20

I'm having some issues with listings that include German Umlaute. The following example code generates a completely messed up PDF.

\documentclass{article}
\usepackage[utf8]{inputenc}
\usepackage[]{listings}
\begin{document}
\begin{lstlisting}[language={[LaTeX]TeX},inputencoding={utf8},extendedchars=false]
Staatsangehörigkeit
\end{lstlisting}
\end{document}

Does anyone have an idea how to fix this?

Umlaute

3 Answers 3

31

the normal listings package doesn't provide unicode support. I use the following code to work around the Problem

\documentclass{article}
\usepackage[utf8]{inputenc}
\usepackage[]{listings}

\lstset{literate=%
    {Ö}{{\"O}}1
    {Ä}{{\"A}}1
    {Ü}{{\"U}}1
    {ß}{{\ss}}1
    {ü}{{\"u}}1
    {ä}{{\"a}}1
    {ö}{{\"o}}1
    {~}{{\textasciitilde}}1
}
\begin{document}
    \begin{lstlisting}[language={[LaTeX]TeX}]
    Staatsangehörigkeit
    \end{lstlisting}
\end{document}

I also tried listingsutf8 and listings2 which ist BETA, but for me the literate solution just works perfekt ;)

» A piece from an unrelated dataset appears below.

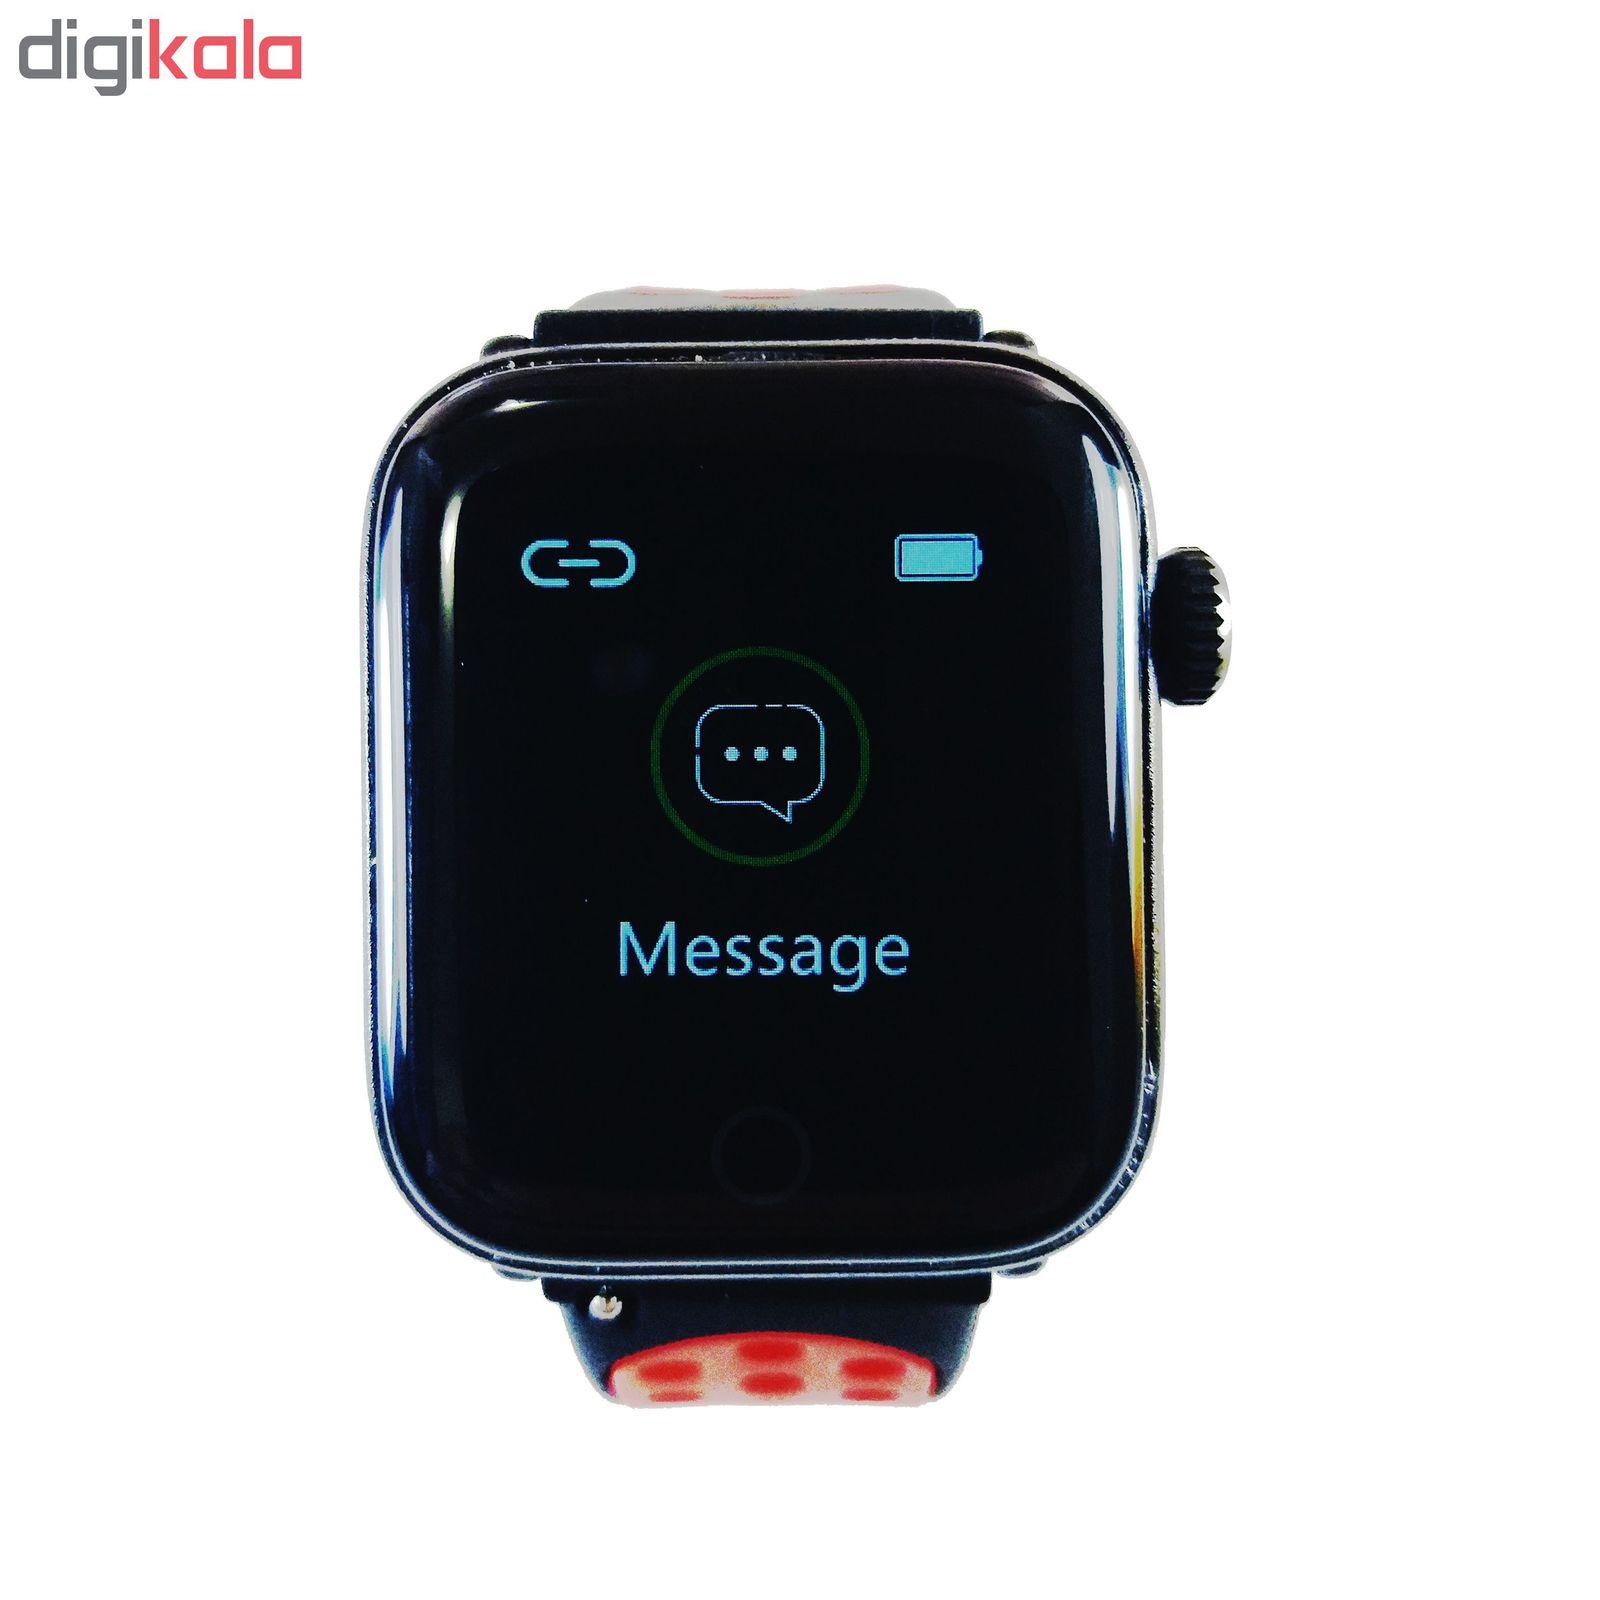 ساعت هوشمند مدل s12 main 1 2

edit:sry, marco has the same solution earlier...

3
  • This always shows the final Umlaut (in your case an ö) in the compiled PDF no matter which one was used in the source file.
    – mat
    Commented Jul 25, 2017 at 15:07
  • I'm not sure what you mean. I can use ÖÄÜßüäö~ with no problems.
    – someonr
    Commented Jul 26, 2017 at 10:02
  • 1
    I found my error. I had an additional extendedchars entry (the value beein true or false did not matter) in the lstset command, which caused the strange error I described.
    – mat
    Commented Jul 26, 2017 at 11:06
13

I use the following method in my code:

\documentclass{article}
\usepackage[utf8]{inputenc}
\usepackage[]{listings}
\lstset{literate={ö}{{\"o}}1}
\begin{document}
\begin{lstlisting}[language={[LaTeX]TeX},inputencoding={utf8},extendedchars=false]
Staatsangehörigkeit
\end{lstlisting}
\end{document}

enter image description here

Ulrike Fischer wrote in the German community mrunix:

Weil listings eine Verbatim-Umgebung ist, die Befehle wie \section, \bfseries und eben auch \"a nicht ausführt, sondern einfach ausdruckt.

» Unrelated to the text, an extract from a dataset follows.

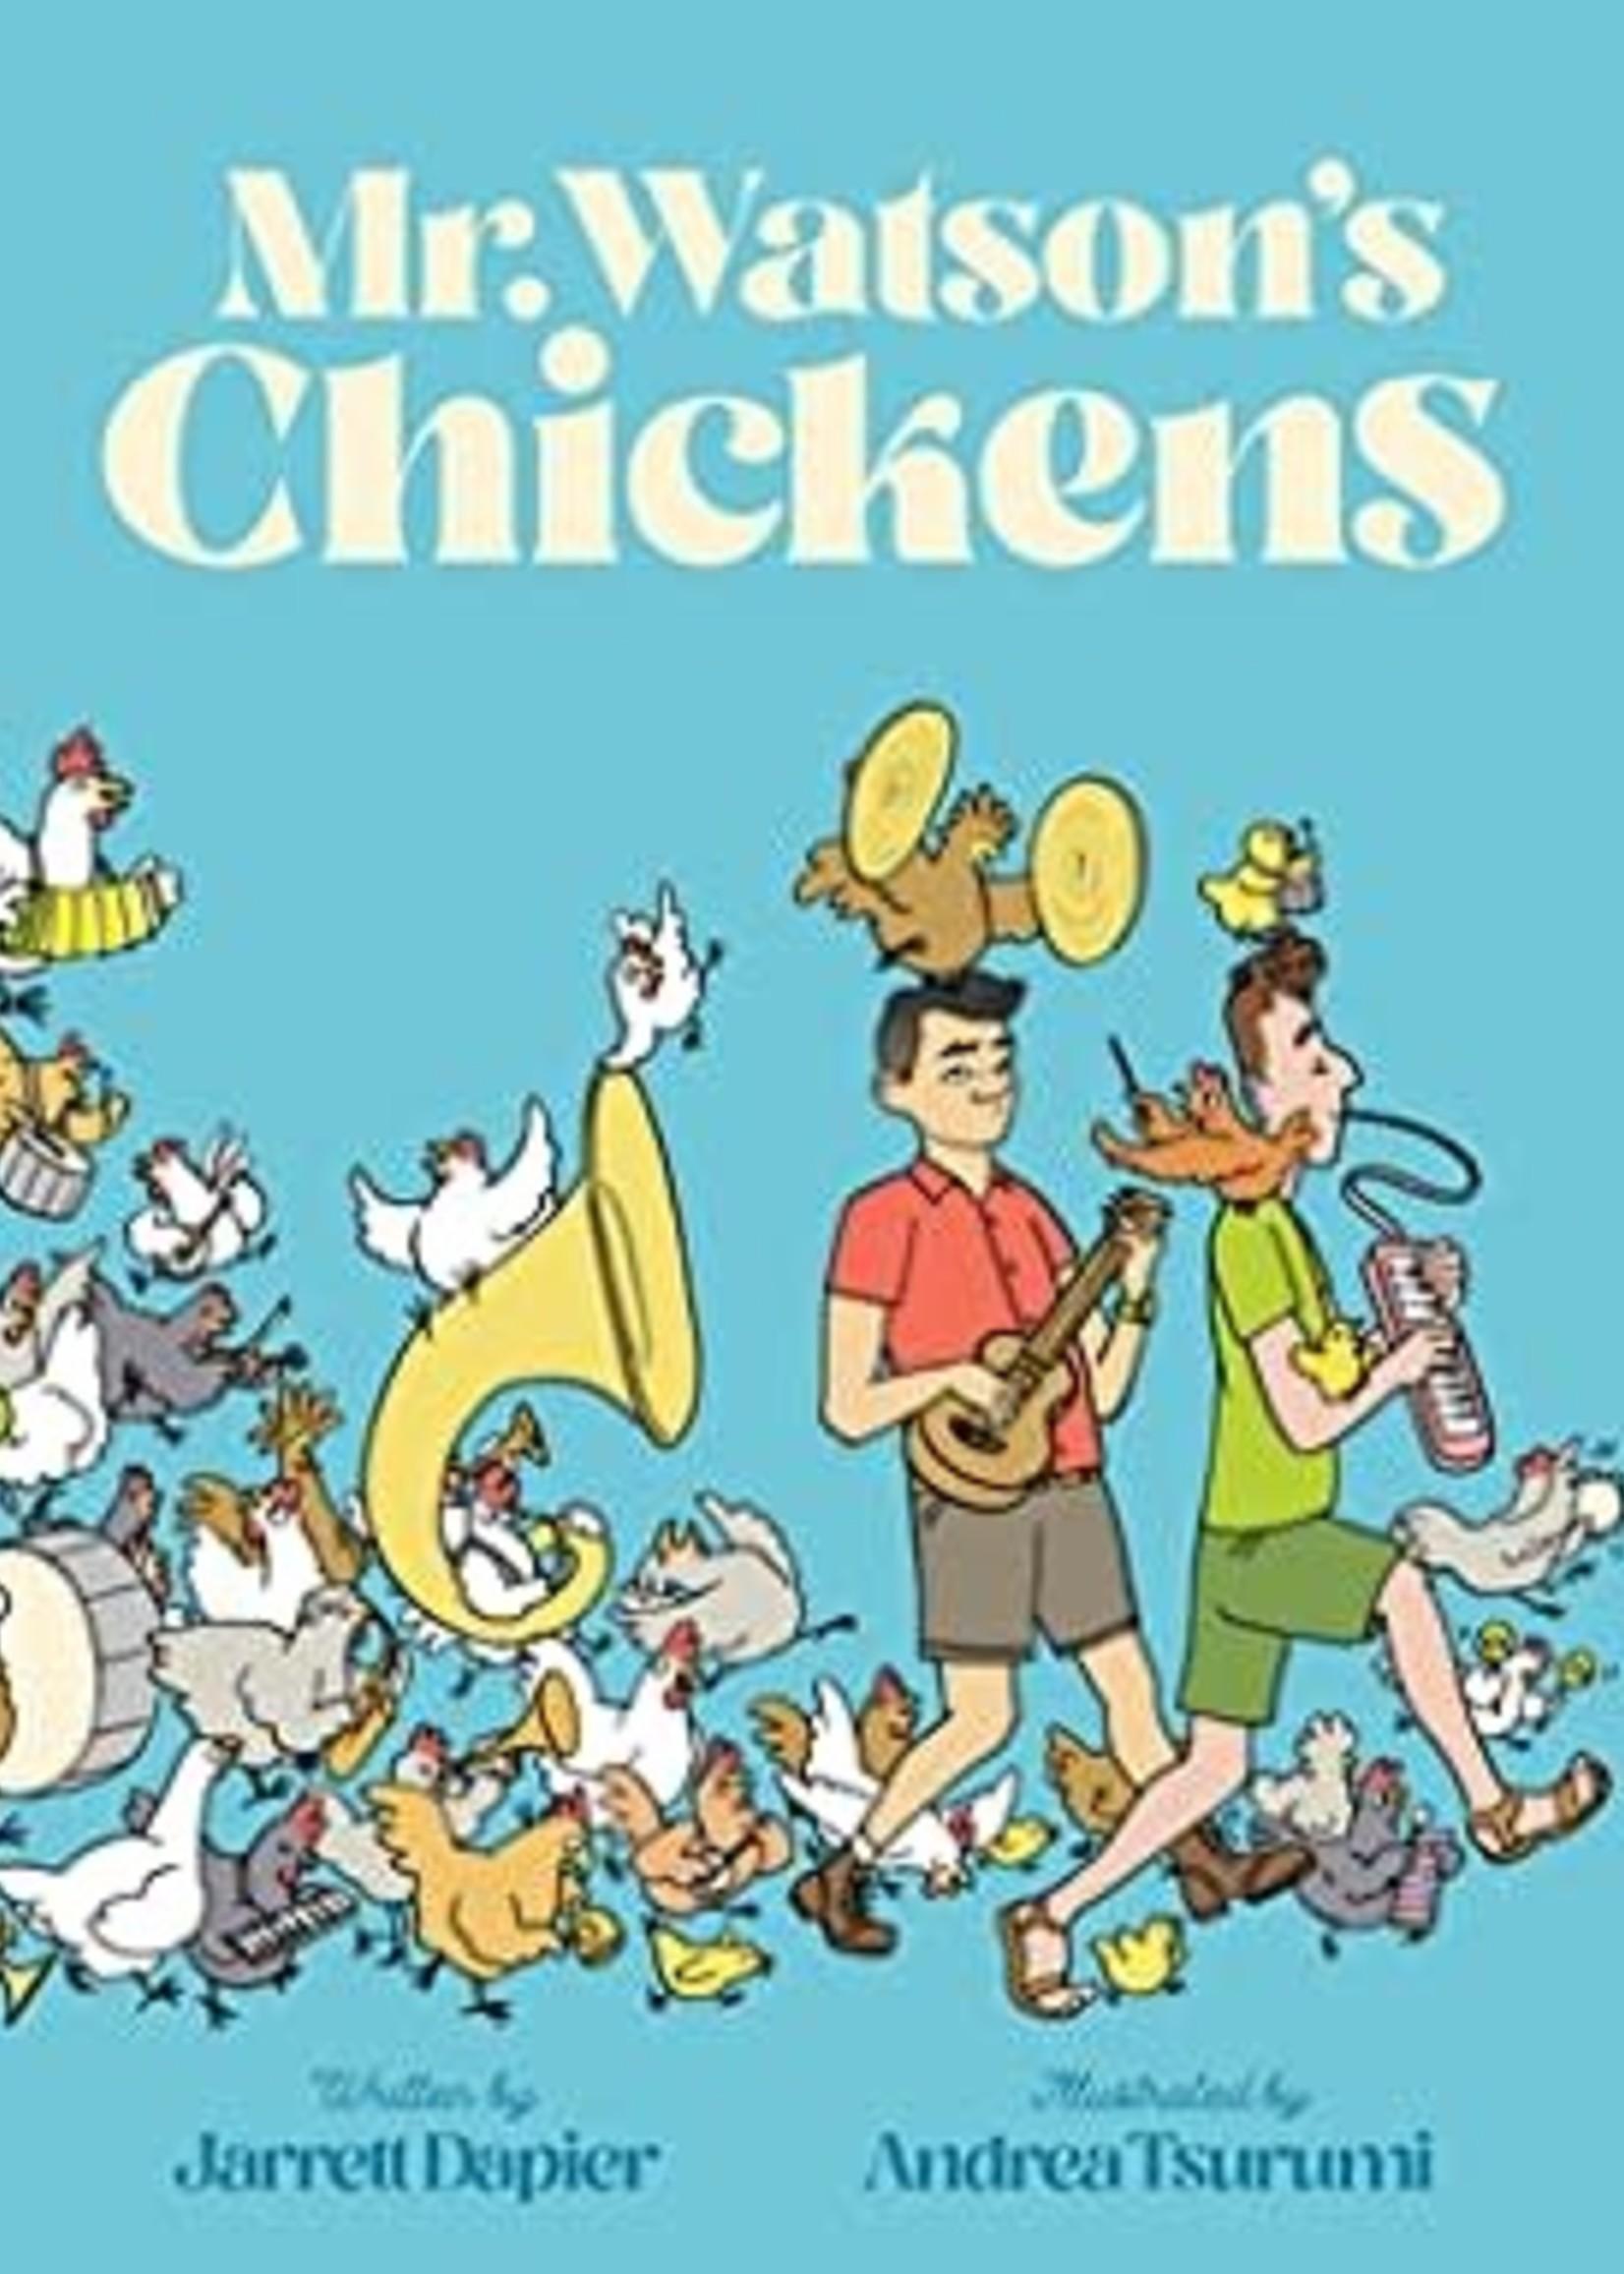 Mr. Watson's Chickens by Jarrett Dapier, Andrea Tsurumi

English try: Because listings is a verbatim environment, commands like \section, \bfseries and also \"a aren't executed, but instead just printed.

10

An alternative solution to that provided by marco, perhaps a touch less typing, by using the key escapeinside:

\documentclass{article}
\usepackage[ngerman,english]{babel}
\usepackage[utf8]{inputenc}
\usepackage[]{listings}
\begin{document}
\begin{lstlisting}[language={[LaTeX]TeX},
             inputencoding={utf8}, extendedchars=false,  
             escapeinside=``]
Staatsangeh`ö`rigkeit
\end{lstlisting}
\end{document}

In general utf8 and listings don't play well, especially if you importing files generated from different programs. The backticks, just enable whatever is enclosed between them to be escaped to LaTeX.